In a modern context it mainly has the issues of being relatively thin (11.7%), somewhat low camber (3.7%, which is especially low in a motorsport context), it's thickness is a bit forward (28%) for promoting Natural Laminar Flow (that's more a modern aircraft thing)... but a bit back for promoting Clmax at LowerReynolds numbers {many caveats here about LeadingEdge shape and TrailingEdge shape to manage flow deceleration; but closer to 20% seems to be the better location), and the nature of the bottom surface means it can have issues with laminar separation bubbles at low Cl's (especially at 'low Reynolds Numbers' flows) which impacts L/D for "cruise"... and/or it can't take advantage of "aft loading".

a lot of these things disappear in a motorsport context, other than the limited camber, and aft loading.

as it happens, I tried out a "double Clark Y" setup when I was banging around at solutions, with the addition that I blew it up to 15.5%  and made the 2nd Clark Y element be 33%... so about 5inches.  One issue with the approach I took is that the bottom isn't quite flat... so this might be over-predicting a tad; but it was a quick/easy way to test out a thicker section. 

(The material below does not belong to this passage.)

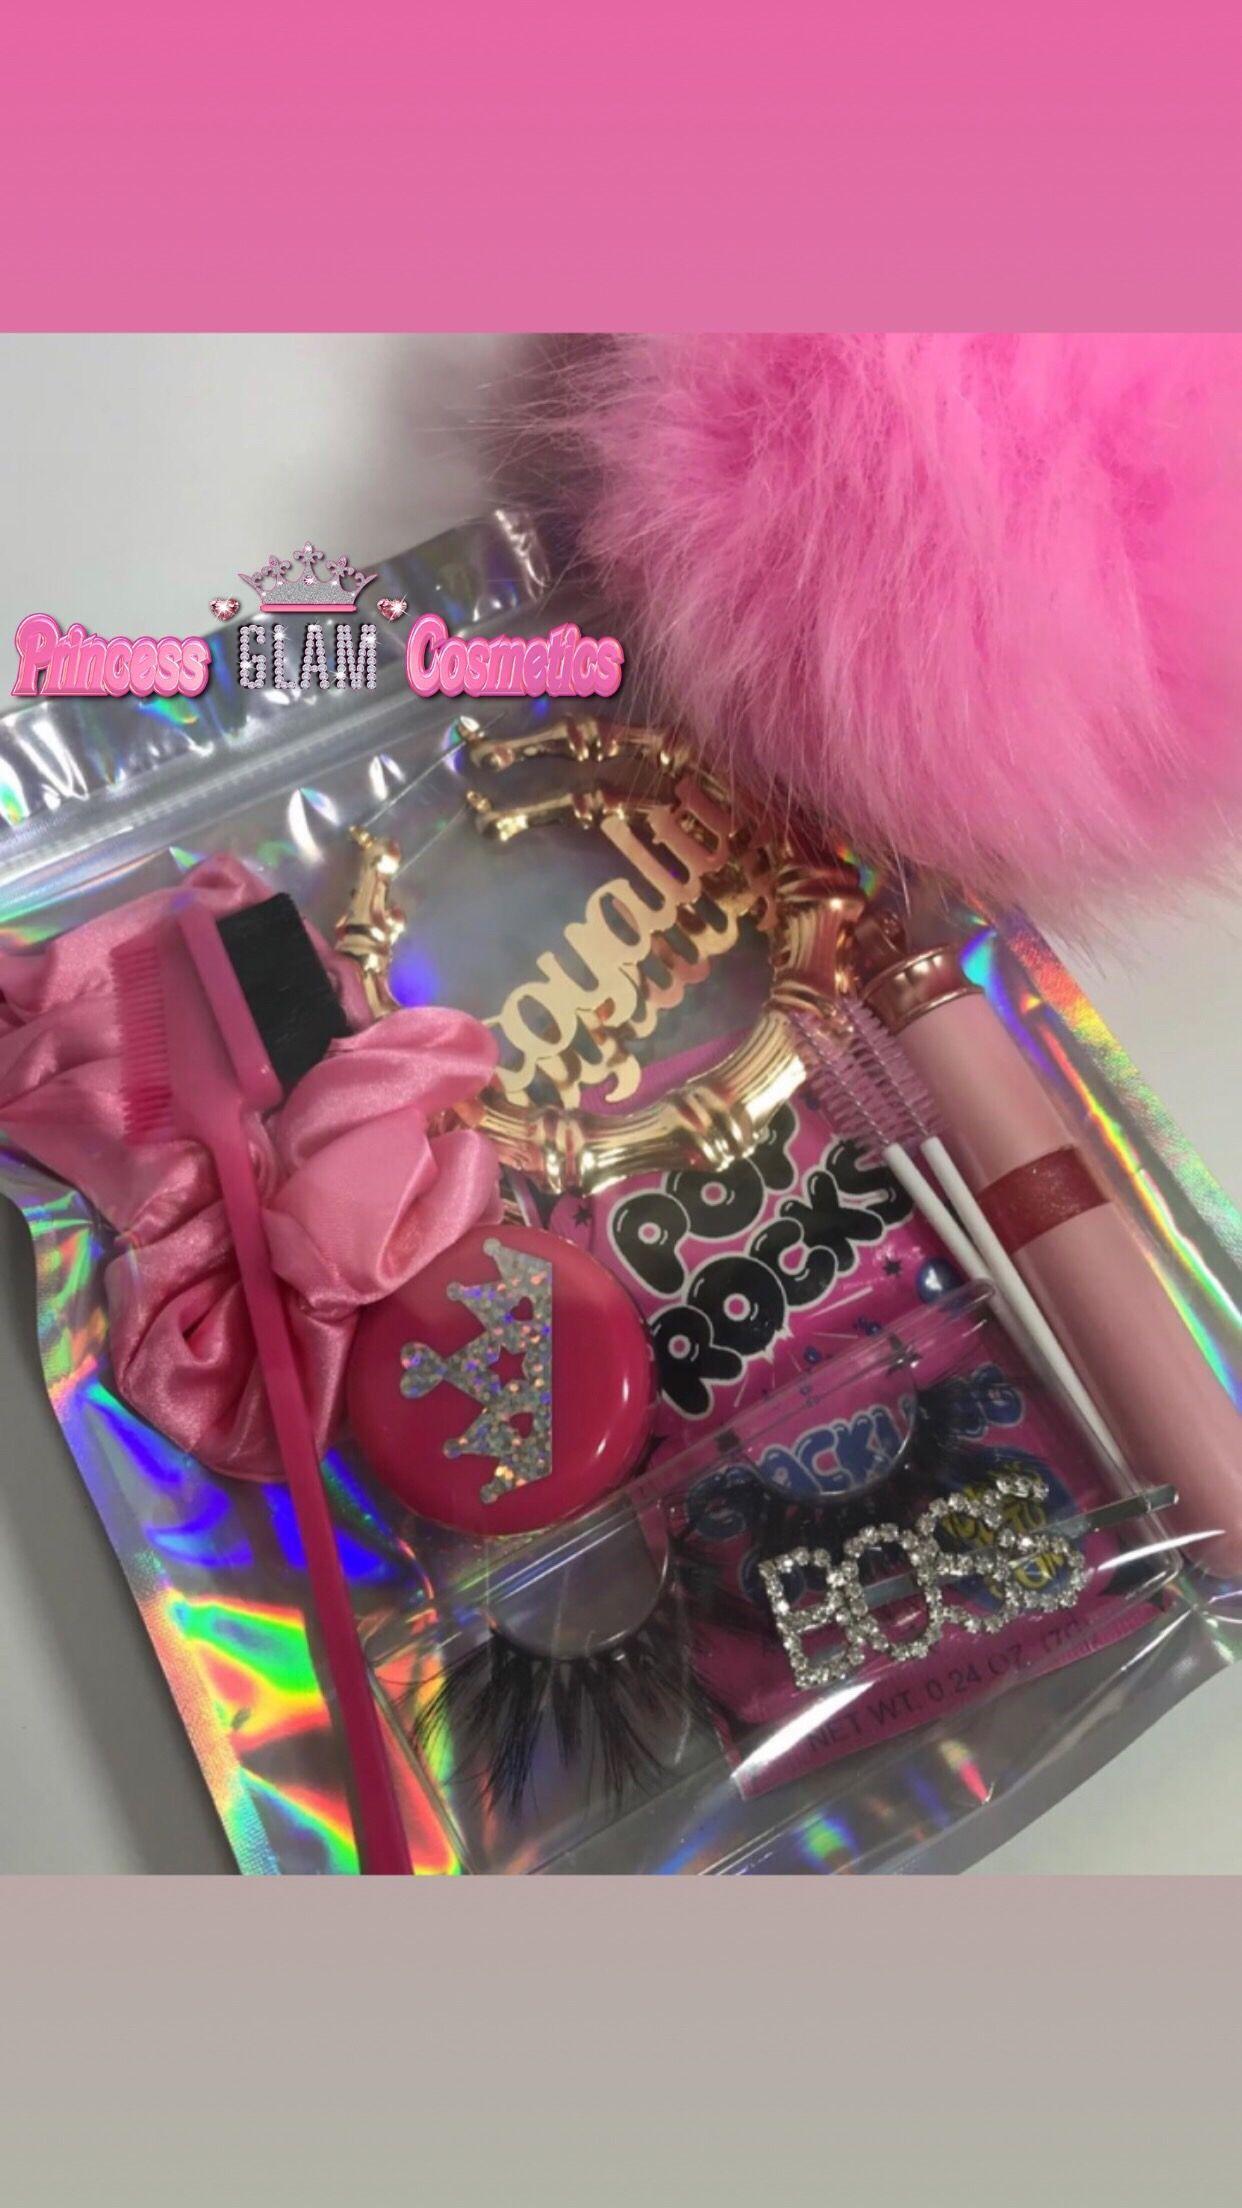 Lip Gloss Business Ideas Lip Gloss Homemade Lip Gloss Cosmetics Diy Lip Gloss

Again, "Free Air, 2D Estimate".  So, it's generating 10% more downforce than the "circular nose" 'refinement option #1' above, for a 65% drag increase.  So, I think maybe something in between is maybe what we should look for (for the front; I think your Rear Main Foil is "good for now", and this is in-part to show that the rear 2nd element foil being 'Clark Y' is good too.)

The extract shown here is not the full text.